I’ve seen some reviews that liken Blakemore’s writing to that of Hilary Mantel - that ability to open up the internal life of someone, to pay as close attention to the environment as to the character. And yes, I can see this, and not just because they have both brought revolutionary France to life. But I was reminded more of the great book ‘Perfume’ by Patrick Süsskind. That total sensory envelopment that Süsskind gave us through Grenouille is exactly how I felt when reading ‘The Glutton’. I cannot recommend it highly enough.
That’s it for this week, lovelies. Enjoy the weather while it lasts. I’ll write soon. x.








This post is as rich as the beautiful sandstone cliffs of East Devon (lovely to see them!).
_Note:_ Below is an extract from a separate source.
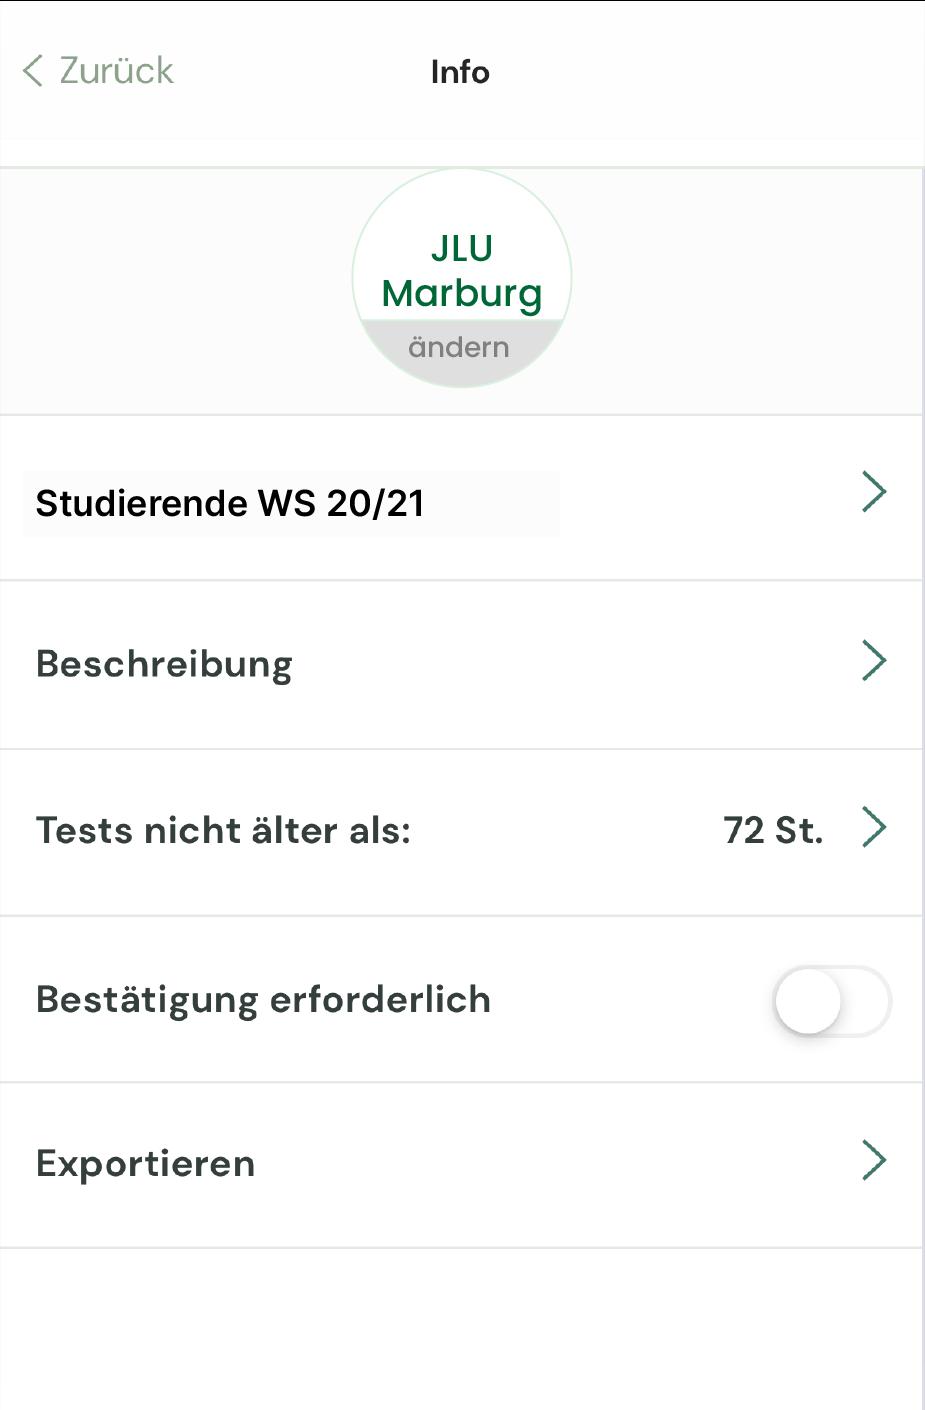 Gruppenansicht, alle Einstellungsmöglichkeiten einer MedCare Gruppe zum Austausch von Test Ergebnissen innerhalb der MedCare App

Kenneth Grahame's Toad is such a wonderful creation. One of the most wonderful characters from my childhood reading.
Sad to see Henry James digging that hole for himself, almost escaping and then falling right in. I sometimes forget he was just a human being.
As for Punch and Judy, it looks as if time has caught up with them: https://www.theguardian.com/stage/article/2024/may/11/punch-and-judy-project-puppets-modern-makeover
Love your historical anecdotes. I will add The Manningtree Witches to the list.